También dejó otra frase:

Cuanto hice y cuanto conseguí, a mi barrio se lo debo (…) no las considero donaciones, sino devoluciones.”

La idea de devolver atraviesa buena parte de la tradición cultural de La Boca. El éxito no aparece como una salida definitiva del barrio, sino como una forma de regresar a él con nuevas herramientas.

Segatori no habla en esos términos. Prefiere definiciones más sencillas.

—Hay una identidad argentina que está en constante mutación y movimiento. Tiene que ver con la pluralidad de razas, la aceptación de distintas maneras de pensar y formas de hacer las cosas.

El arte popular argentino siempre trabajó con esa materia. No con héroes lejanos, sino con obreros, inmigrantes, futbolistas, músicos, vecinos y escenas comunes. En Berni, el mundo de Juanito Laguna; en Carpani, los trabajadores; en Quinquela, el puerto y sus hombres. Alfredo pertenece a otra generación, pero conserva algo de esa tradición. Sus murales no nacen en estudios cerrados ni están pensados para un espectador único. Forman parte del paisaje urbano y conviven con la vida diaria del barrio. El tango, los bares, las conversaciones largas y ciertas historias mínimas que sobreviven en las esquinas. La ciudad sigue siendo la principal fuente de inspiración.

En una época donde las imágenes circulan con una velocidad inédita y las referencias culturales parecen repetirse de una ciudad a otra, el mural conserva algo singular: sigue perteneciendo a un lugar específico. No puede separarse de la pared que lo sostiene ni del barrio que lo rodea.

Acaso allí resida una forma de soberanía cultural. No la de los discursos, sino la de las prácticas cotidianas; la de una comunidad que todavía encuentra en sus propios símbolos una manera de reconocerse.

La definición evita la nostalgia. La identidad, para él, no es una pieza inmóvil ni una herencia que deba conservarse intacta. Se parece más al barrio donde trabaja: cambia, incorpora nuevas voces y, aun así, mantiene ciertos rasgos que permiten reconocerlo.
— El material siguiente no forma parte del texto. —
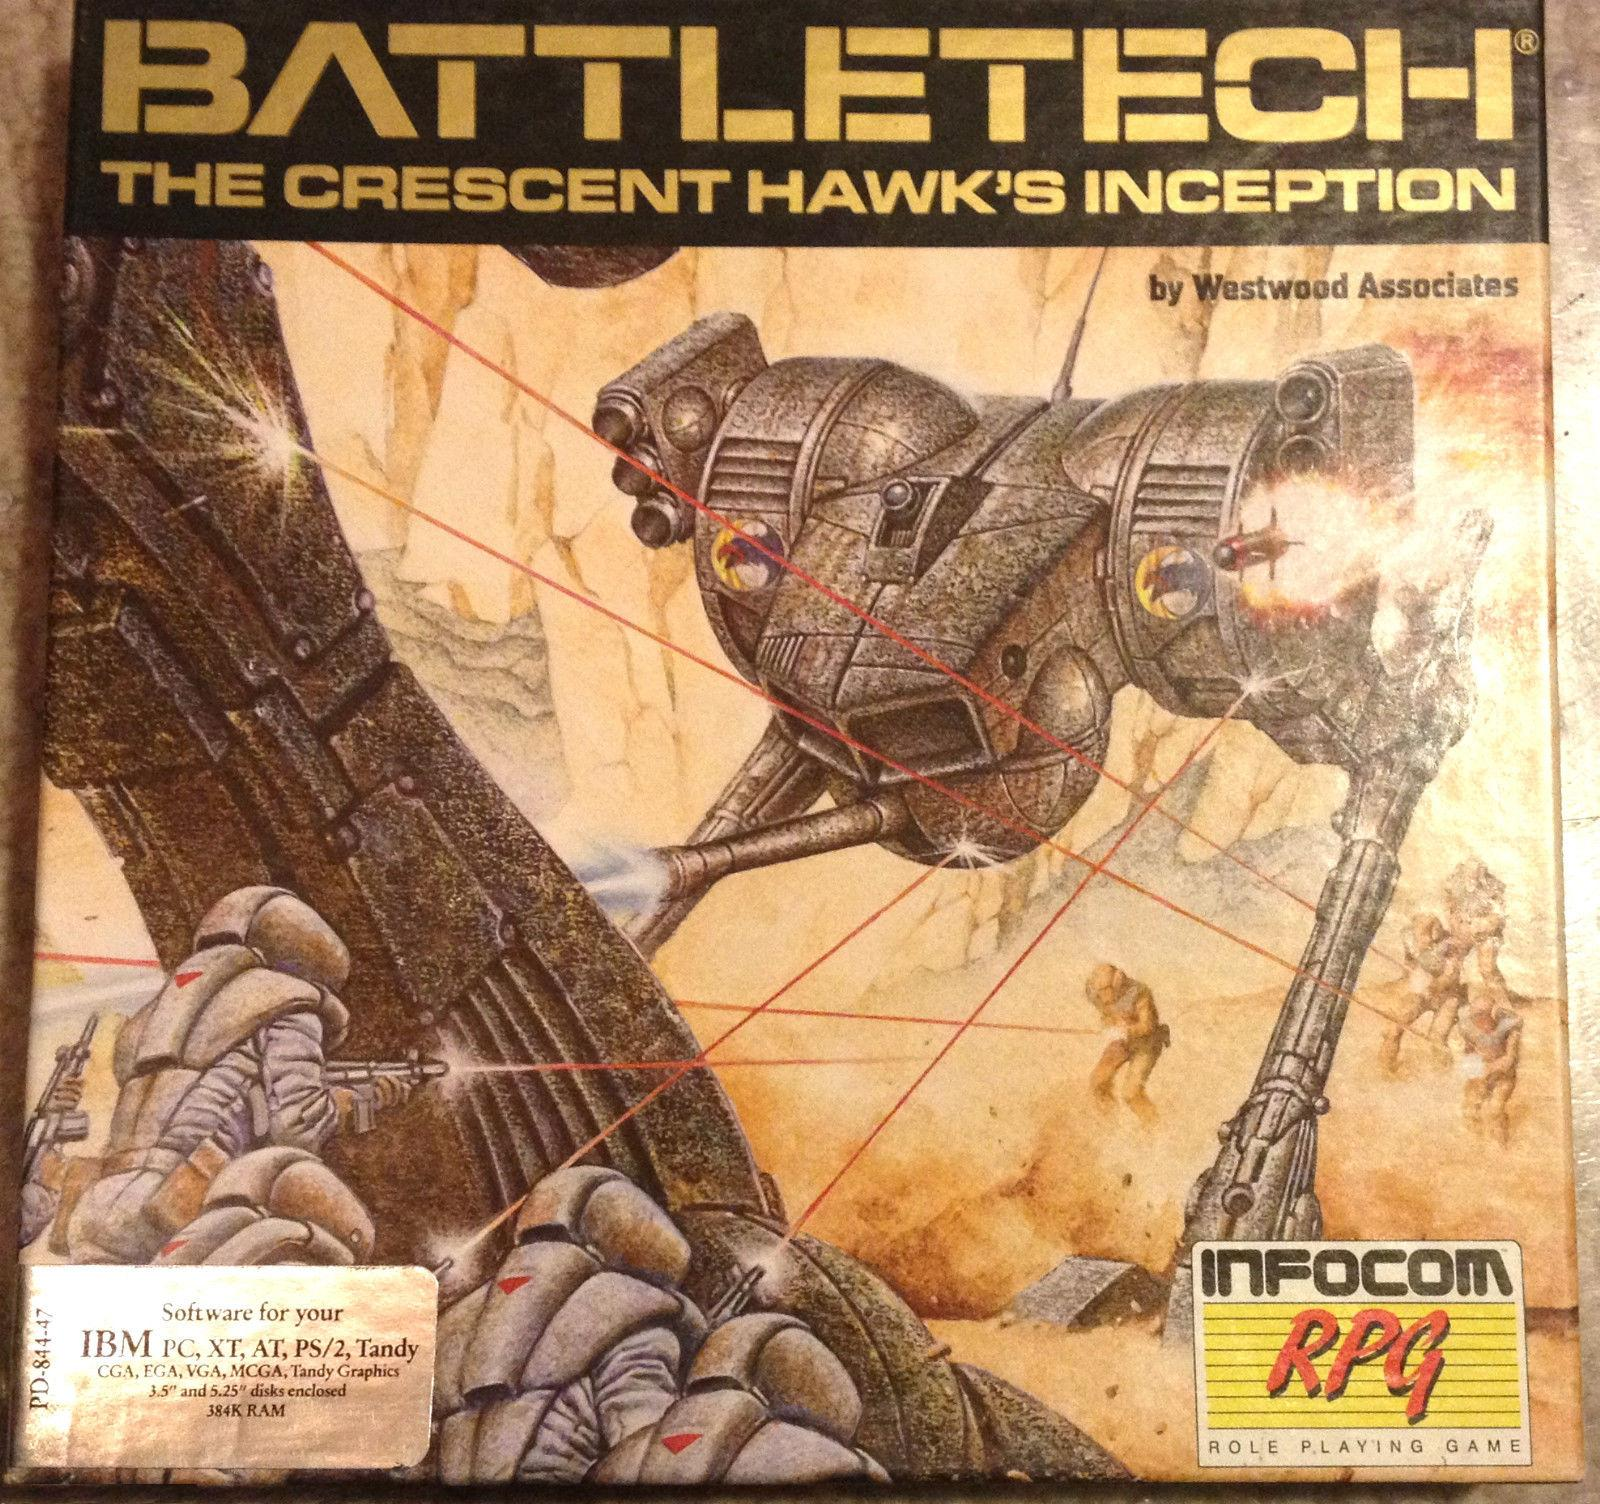 Download BattleTech: The Crescent Hawks inception

Los primeros trabajos pagos llegaron por recomendación.

—Empecé en los bares y de a poco me fui haciendo un nombre. Los mismos trabajos te van llevando. Durante mucho tiempo lo complementé con trabajos como profesor de gimnasia o visitador médico, hasta que pude dedicarme por completo a esto.

El recorrido lo llevó a trabajar en México y en Estados Unidos. Obtuvo un Récord Guinness por el mural más grande realizado por una sola persona, participó de BADA y realizó intervenciones junto al Inter Miami CF. Su obra más reciente, Mirando Miranda, es una jirafa de once pisos pintada sobre un edificio de Monte Castro.

La Boca ocupa un lugar particular dentro de ese mapa.

Allí impulsa la reapertura de la Galería Social Rimini y de Il Piccolo Vapore, dos espacios culturales independientes que abrirán nuevamente sus puertas el próximo 23 de agosto, Día de La Boca. También trabaja en La Boca 5.0, una experiencia inmersiva desarrollada junto a Visit Caminito.

Cuando habla del barrio, evita las definiciones solemnes.

—La Boca tiene una energía muy especial y es parte de mi presente.

Quizás por eso sus murales no buscan congelar una imagen del país. Se integran a la vida diaria de la ciudad. Permanecen expuestos al sol, a la lluvia y a la mirada de quienes pasan frente a ellos todos los días.

La pared que tiene delante ya no es la misma que unas horas atrás. El azul avanza sobre el cemento. Por un momento, el cielo parece haber descendido hasta la altura de los hombres.